## Work to be completed
Transcribe the entries below exactly, starting with the line that has "15+ Best Stores" and stopping after the line that has "a statue of"; no pictures belong in the copy.

## Extracted records

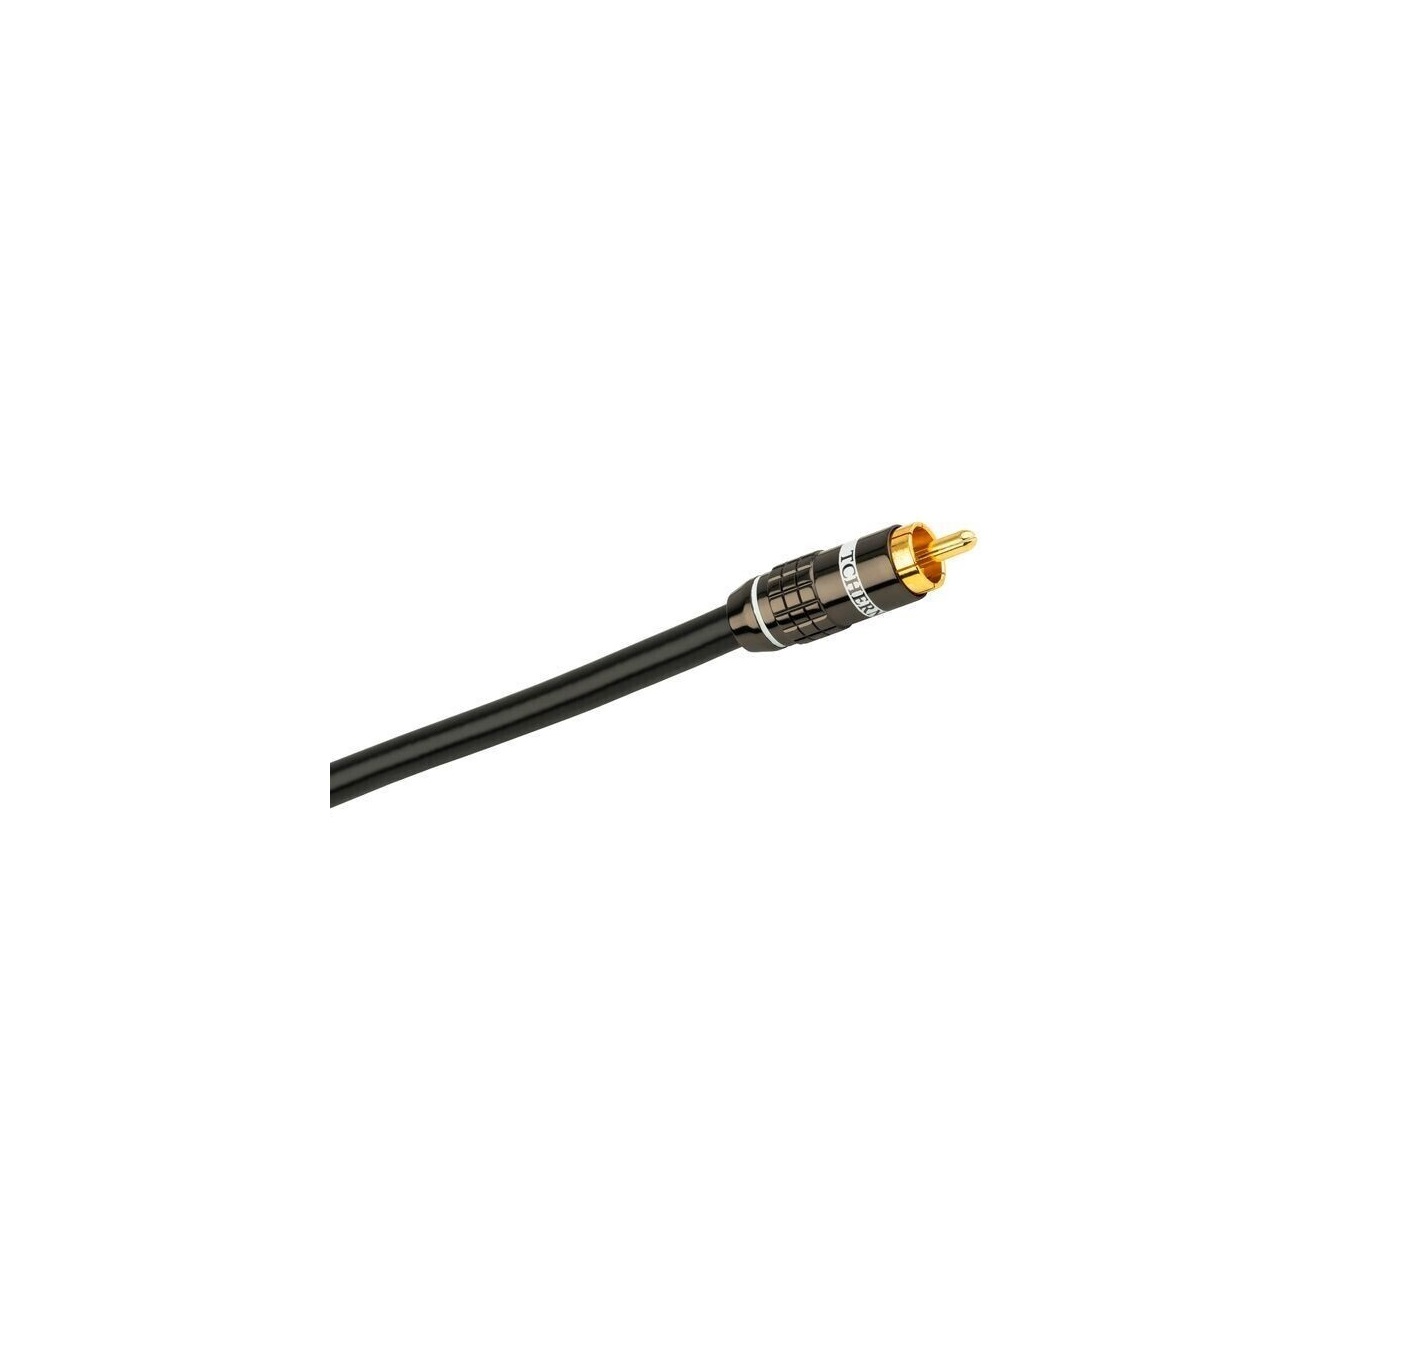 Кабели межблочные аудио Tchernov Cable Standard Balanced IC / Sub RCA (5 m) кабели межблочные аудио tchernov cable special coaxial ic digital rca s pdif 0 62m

---

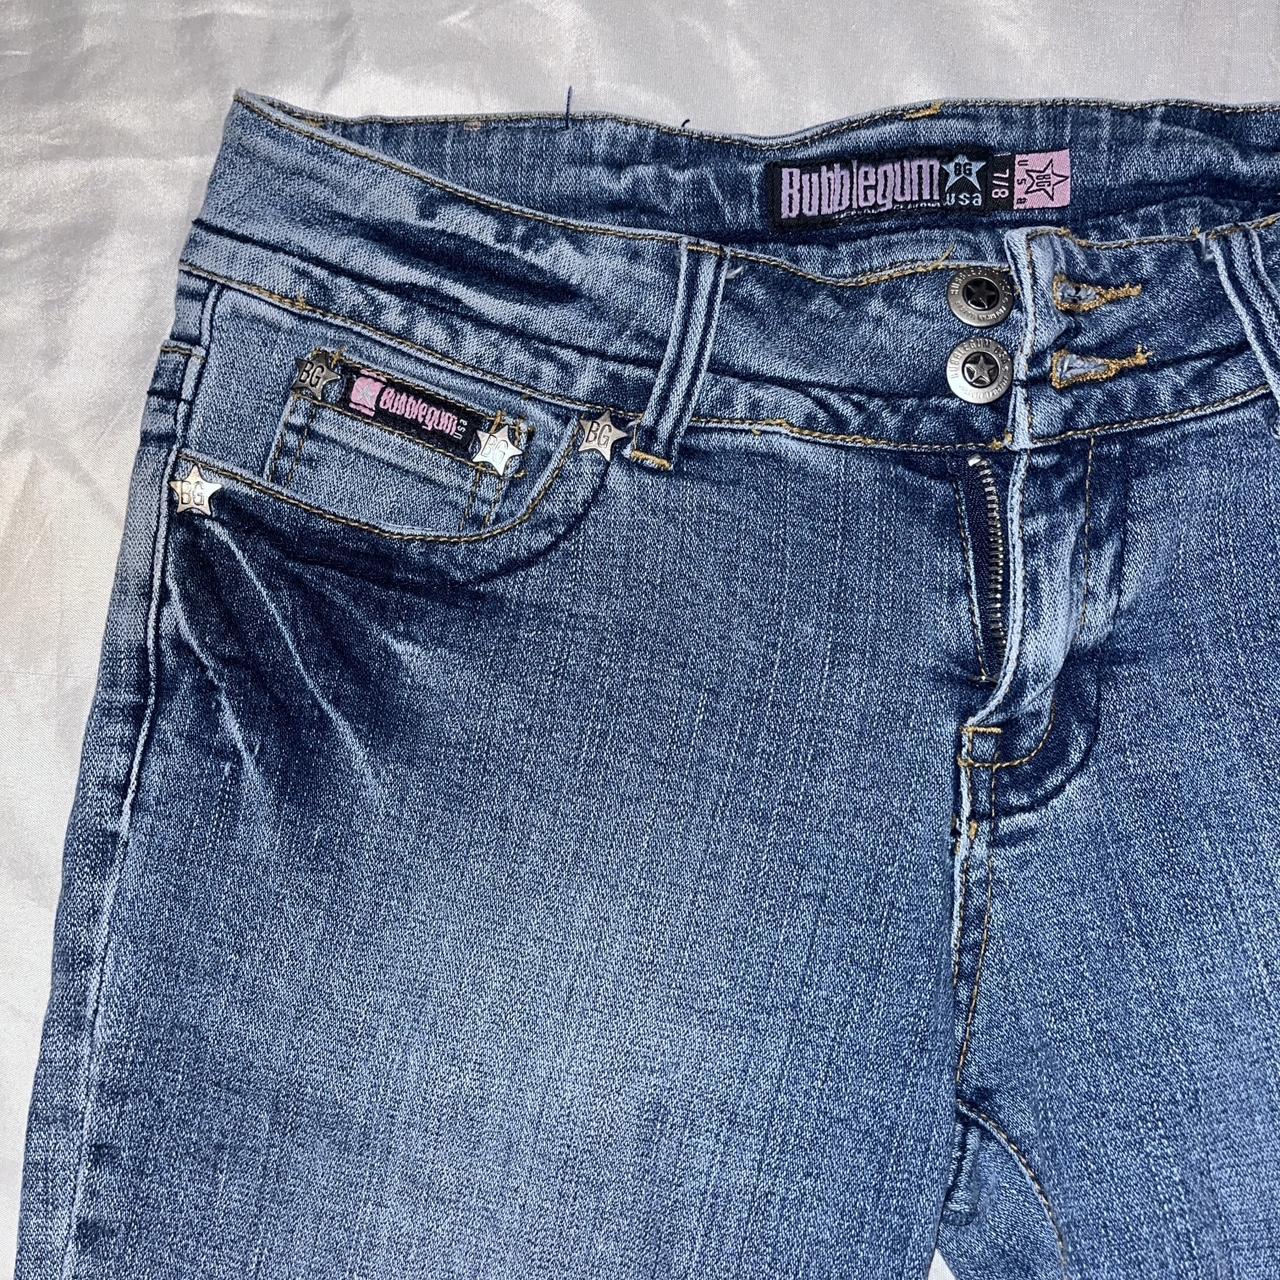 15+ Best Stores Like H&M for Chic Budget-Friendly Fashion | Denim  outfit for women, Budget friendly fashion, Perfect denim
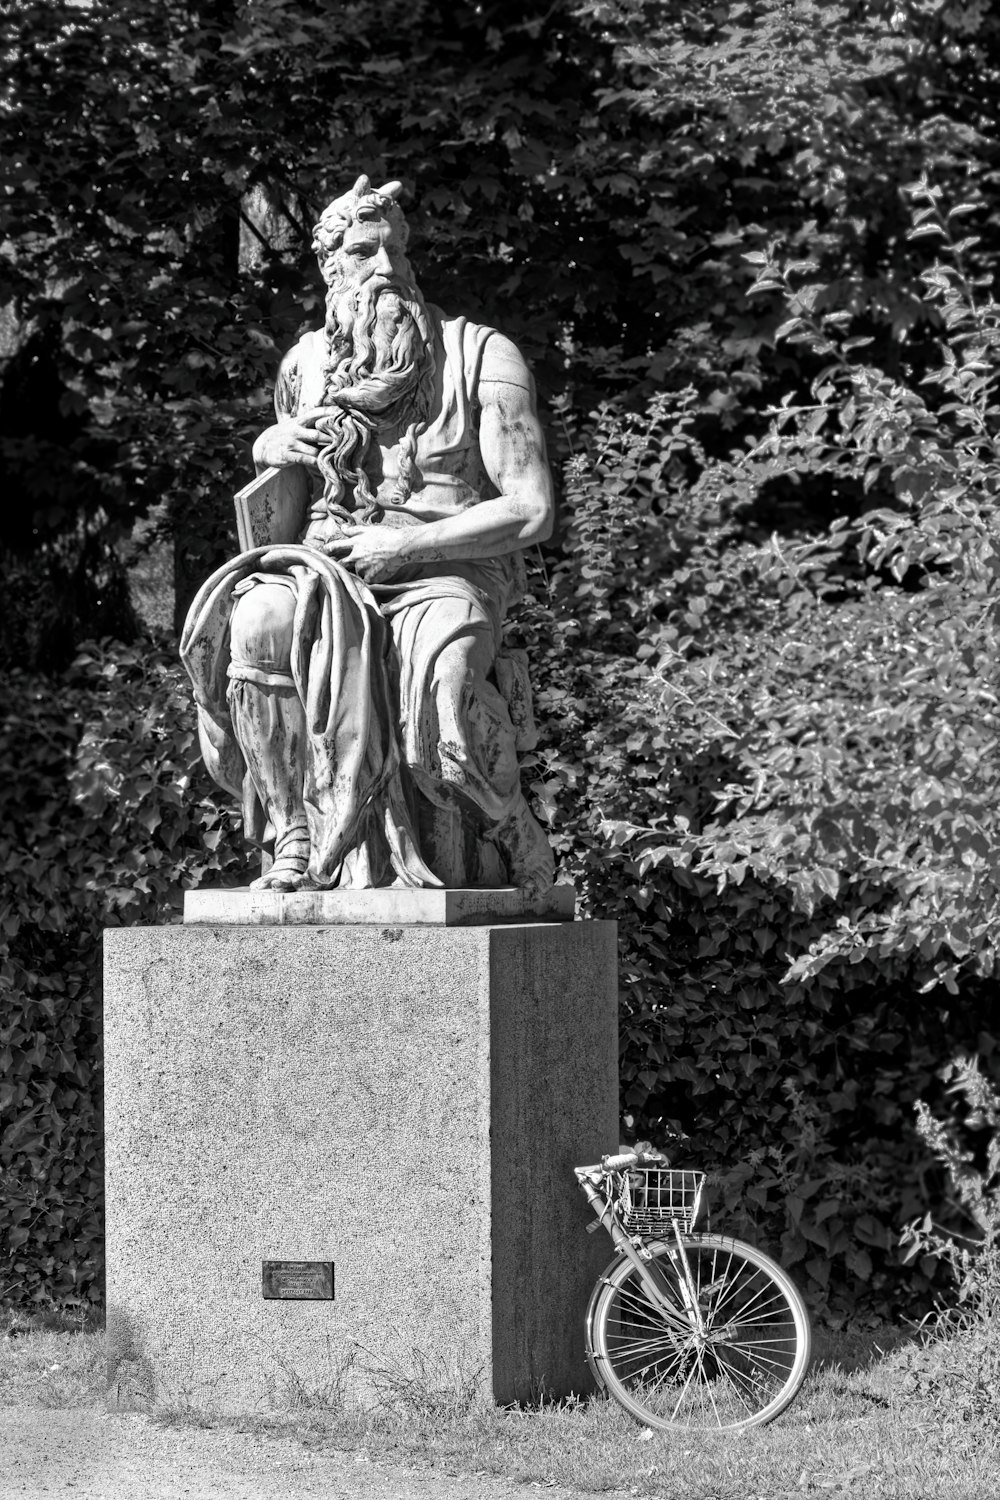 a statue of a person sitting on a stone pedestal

* * *

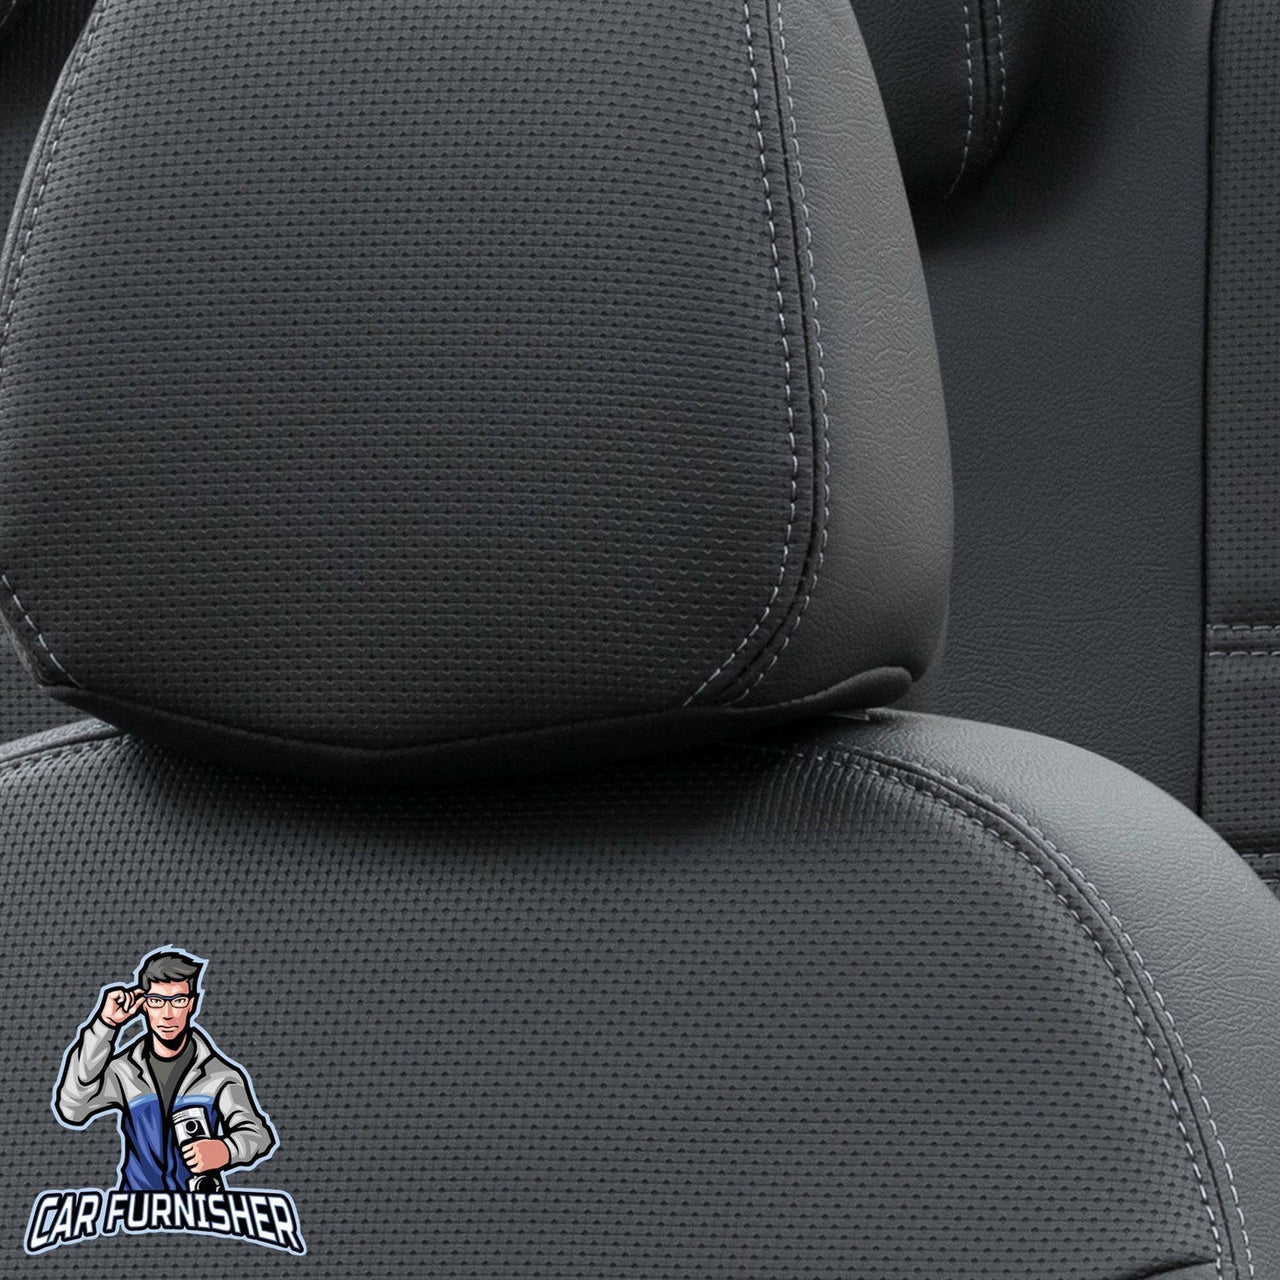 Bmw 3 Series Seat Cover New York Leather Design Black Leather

## The completed task
 15+ Best Stores Like H&M for Chic Budget-Friendly Fashion | Denim  outfit for women, Budget friendly fashion, Perfect denim
 a statue of a person sitting on a stone pedestal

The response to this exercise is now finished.